AI tools for automated game testing

back to our blogs

AI tools for automated game testing

AI for Games Testing Contributors

By Matthew Bedder (Machine Learning researcher), David Beattie (Senior software engineer) and Haitham Bou Ammar (Reinforcement Learning team leader). has crafted a specialised tool that solves a crucial problem for game developers: how can they ensure that levels are playable and completable after a design change? Like Tuneable AI, it's one way our agents can autonomously help developers save time and resources by tackling the core issues in gaming: Is the user experience everything the designers intended? How can user-difficulty be personalized? How can one be sure the whole thing just works?

Game development's mix of technical and non-technical people – designers, programmers, artists, sound engineers – can make it hard to identify when someone makes a change that “breaks” a game. Developers commonly try to solve this using by using either hard-coded scripts or human testers to run through their games looking for issues. Neither approach is ideal. Simple scripts can break as a result of even the smallest change, and more complex ones are costly to implement and maintain. User testing certainly can bring to light both technical and experiential issues, but at even greater expense. It’s infeasible to expect users to test after every change, so developers must often do the job themselves, further wasting valuable development time. When added to existing continuous integration tooling, our agents allow developers to identify the impacts of changes made to a game, replacing existing test scripts and supplementing user testing.


To demonstrate this approach, we’ve created a highly simplified game development scenario.
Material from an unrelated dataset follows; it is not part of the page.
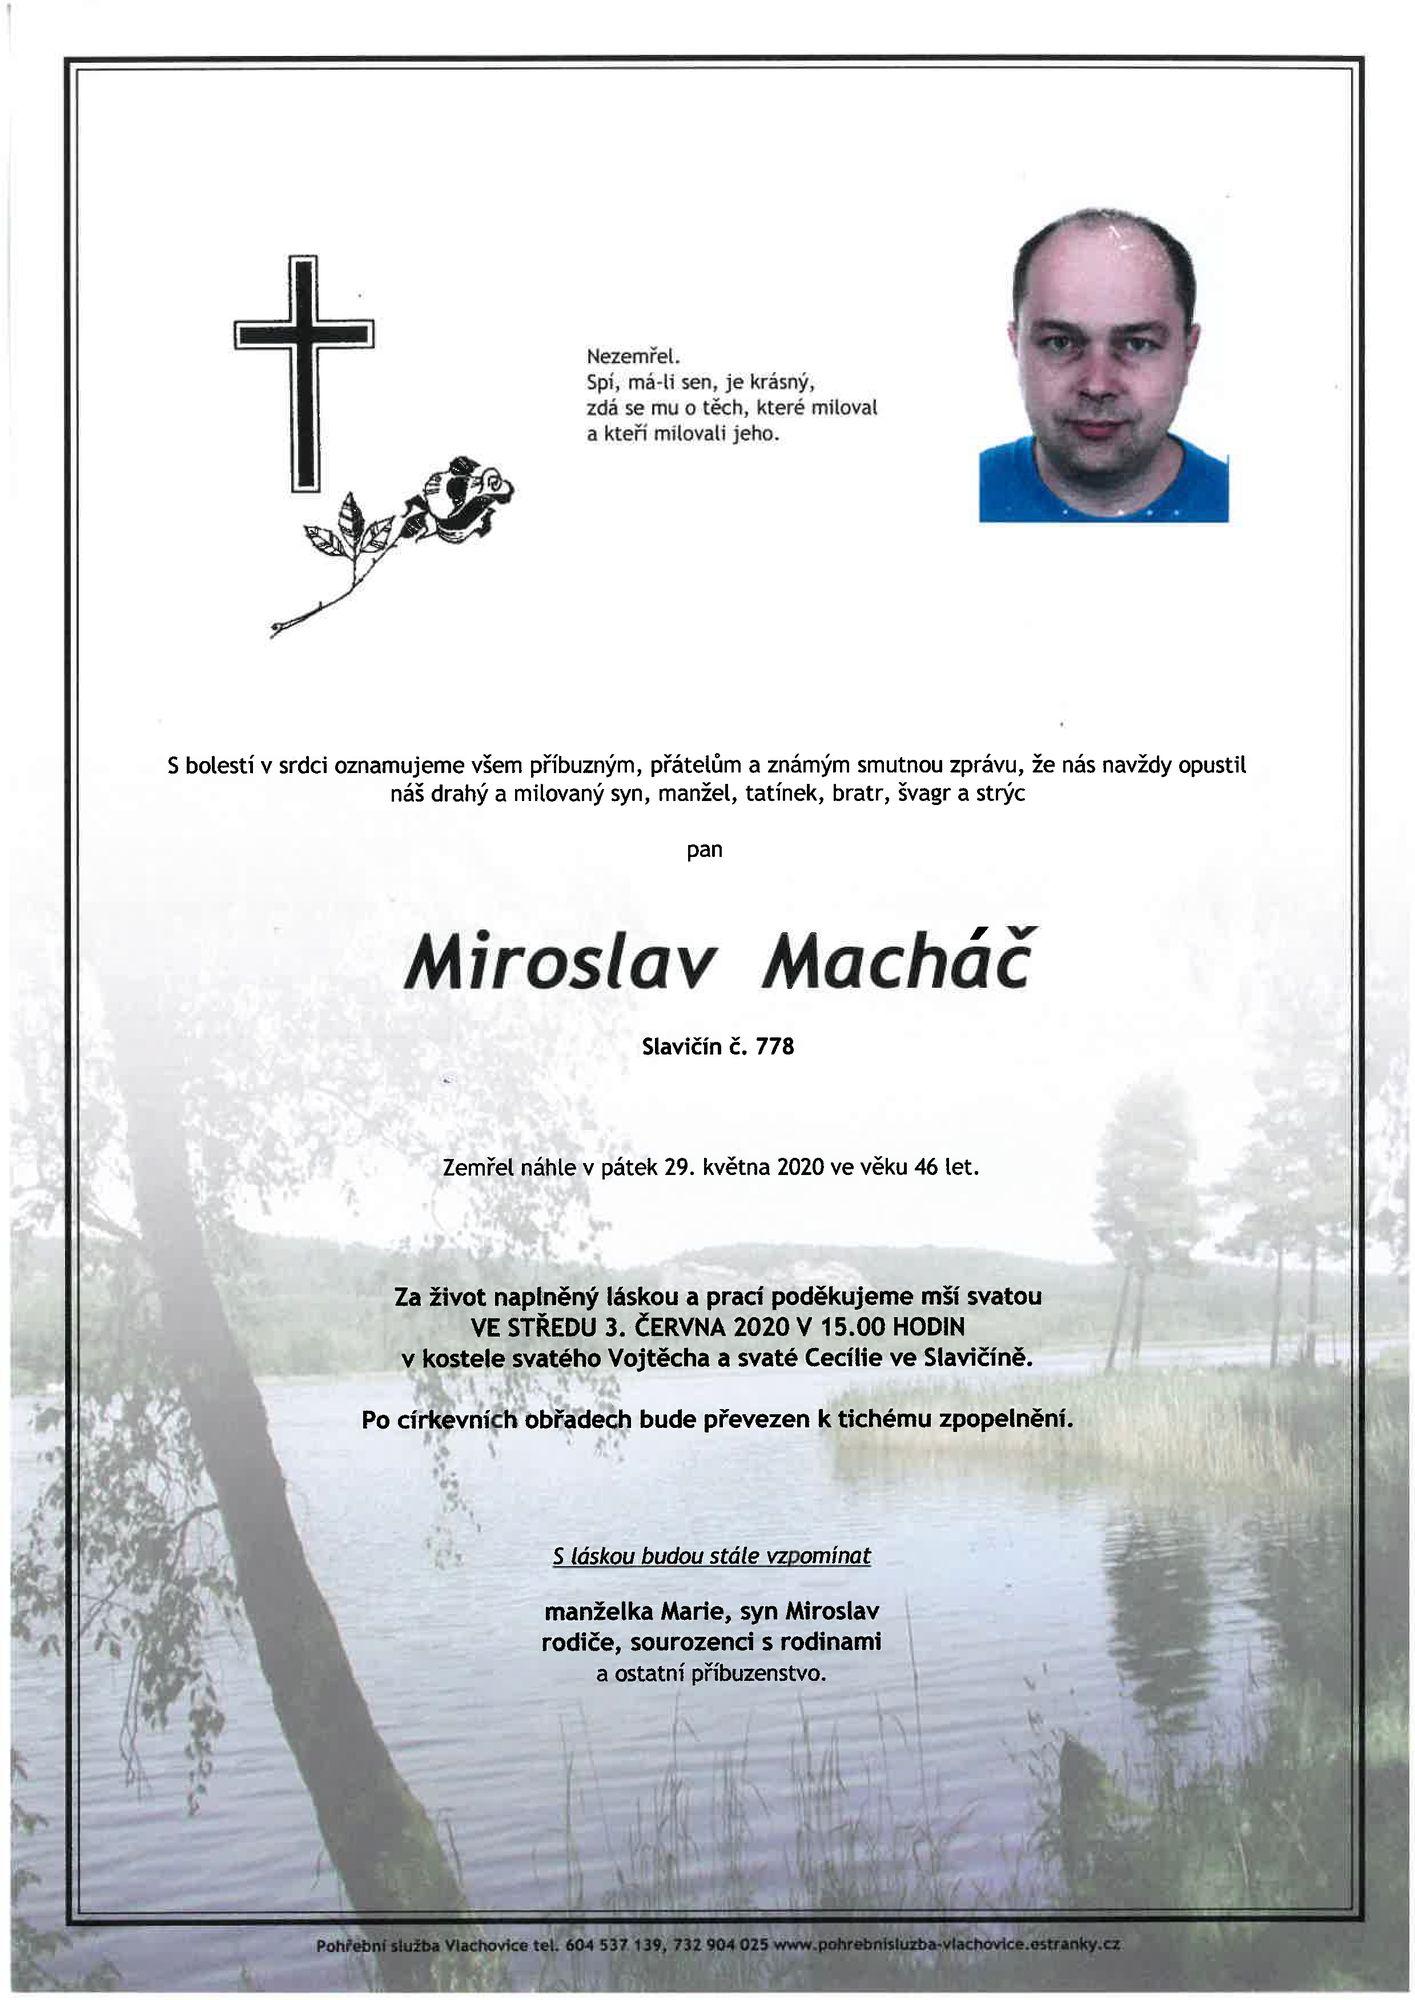 Miroslav Macháč

We start by hooking up our testing platform to Minecraft’s open source Project Malmo interface, which has a realistic, complex codebase and faces common testing challenges. Once that’s done, we start training an agent to run through a level and reach a goal within the game. For simplicity’s sake, we’ve set up a very simple navigation task that consists of one level containing a few rooms with doors between them. The agent needs to find its way to a block that represents the goal in one of the rooms. When it starts training over the level, things can look a bit chaotic:

But our agents are smart and it doesn’t take them long to learn to achieve mission goals with high accuracy: it soon figures out an optimal route. Once it becomes proficient, we can report statistics on what it did and how long it took, performance metrics for the game engine and so on. If we’re happy with the numbers, we have a baseline for comparison.

Post Training Optimal

Time to try and break things. First an easy challenge. Our game artists come in and change all the temporary level textures with new artwork. We rerun the previously trained agent to confirm that it’s still able to solve the mission.

Palette Change No Issues

When we compare the generated report to our baseline, we can see that the changes don’t have a negative impact on our metrics. We can accept the changes and adopt them as a new performance baseline.
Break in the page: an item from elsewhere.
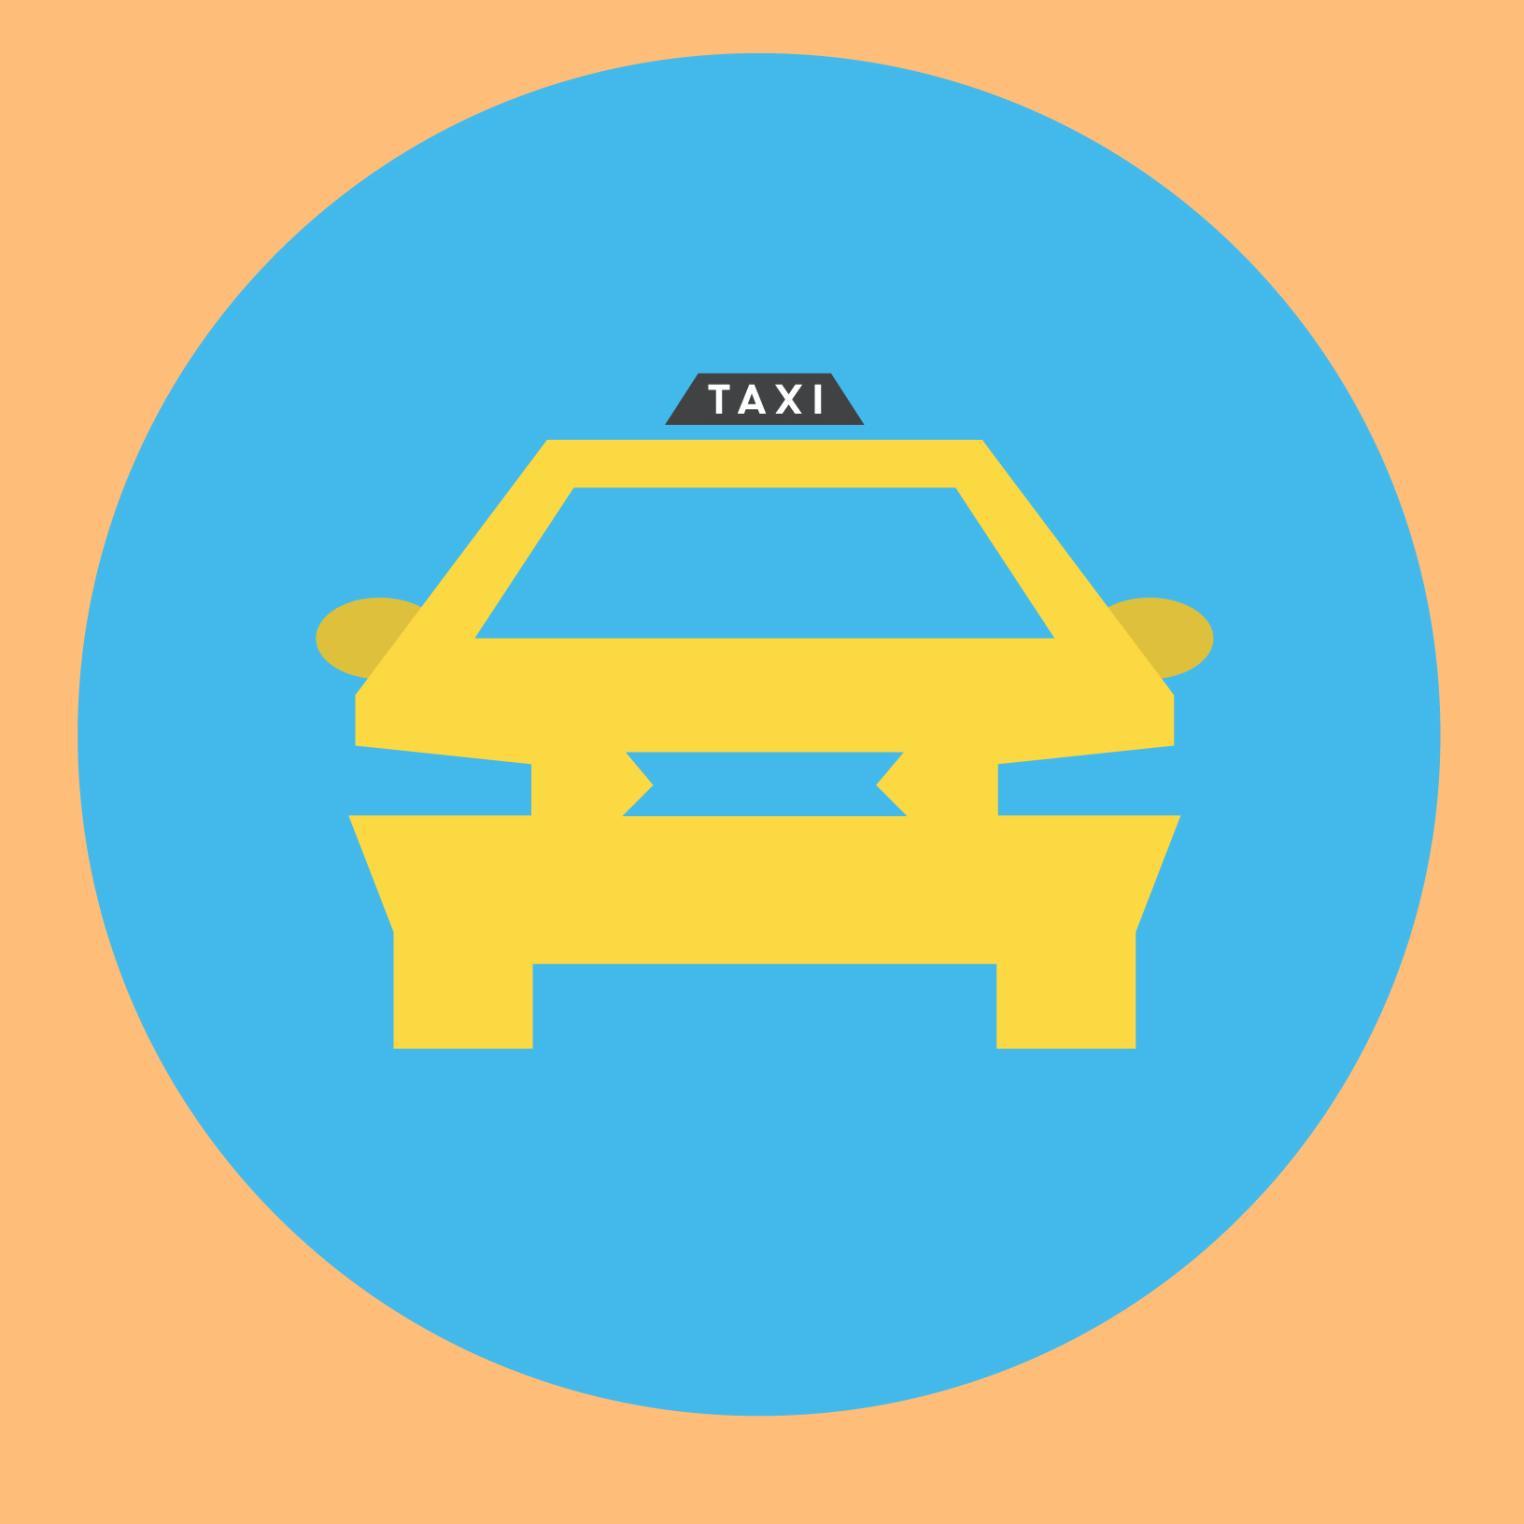 New Yellow Cab

If we follow the same process after a more significant change, such as moving some of the elements of the level around, we can identify and report on this as well. Here we’ve made a relatively innocuous change: replacing the easily avoided lava pit with part of a wall and keeping everything else the same. We just re-run the agent we’d previously trained, and the automatically generated report highlights areas that might be of concern.

Minor Change Minor Issues

There’s a small impact on performance  - it turns out that the new wall adds more light sources, slightly increasing our CPU usage and locally decreasing the frame rate. We can then use this data to make an informed choice about whether this change was worth the cost.
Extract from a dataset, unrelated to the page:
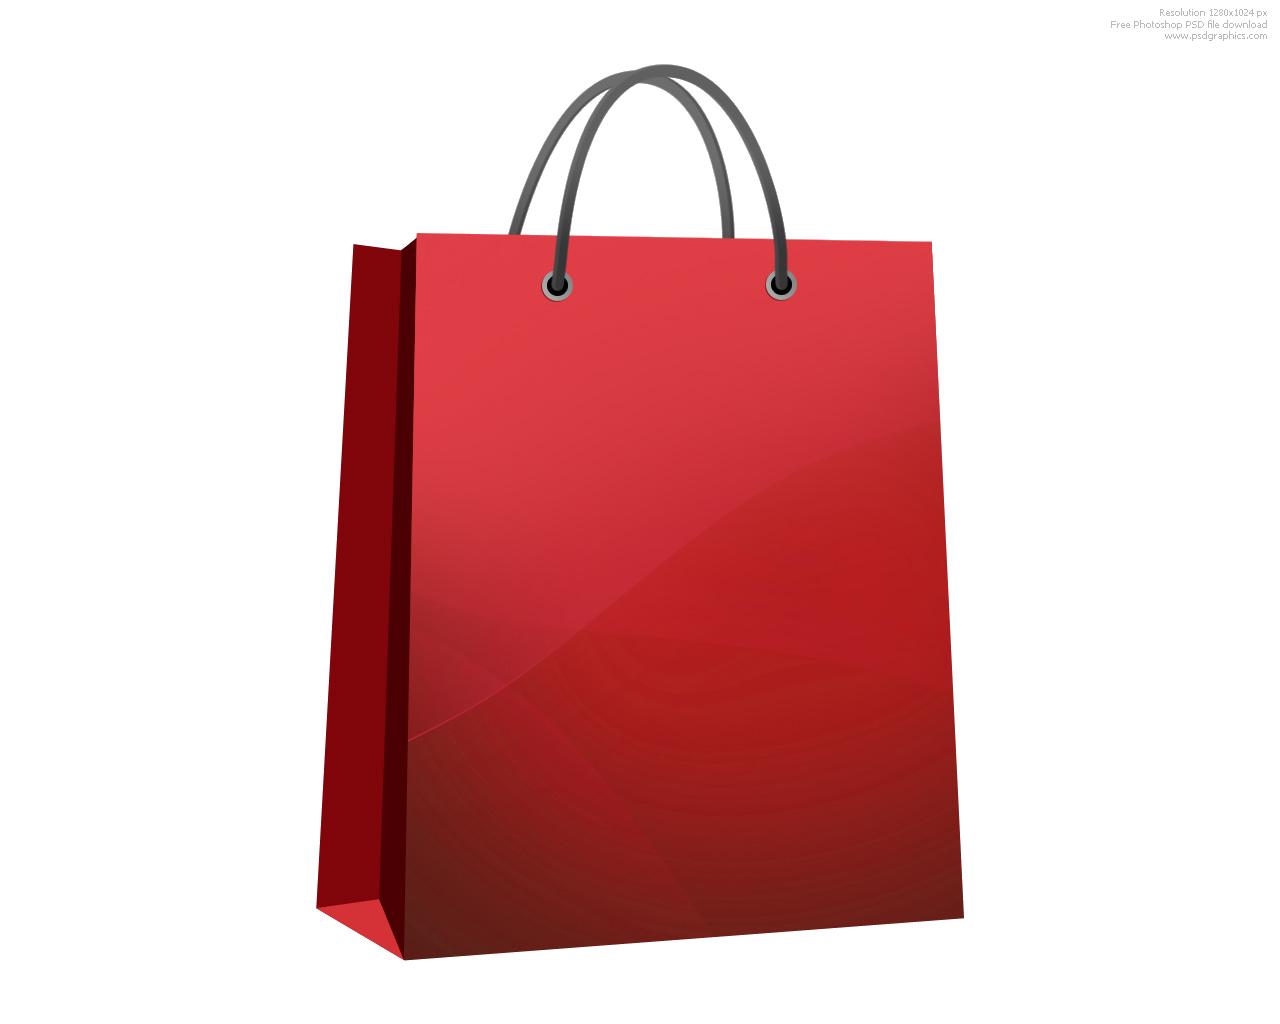 Shopping Bag PNG - 173705

Finally, even larger changes that force the agent to completely alter its trajectory are detected and reported on - alerting us to potential issues. By adding levers to the doors, the designers have created a much more challenging problem that can effectively force the agent to take much longer to find a solution (we've sped up the middle section of the video to shorten viewing time.) The agent eventually manages to reach the goal but reports what could be a serious issue to the testing or design team.

Major Change Possible Serious Issue

And so it goes. The agent, and thousands like it, can run through levels at great speed detecting and reporting on the impacts of changes big and small, freeing up human testers for more interesting tasks and letting designers and developers get on with what they do best: making great games.

This is just the start for the games testing platform. We’ll keep expanding our gaming toolbox with core technologies for finding hard-to-track bugs, load testing servers in MMORPGs and making user experiences ever more personalised – and fun.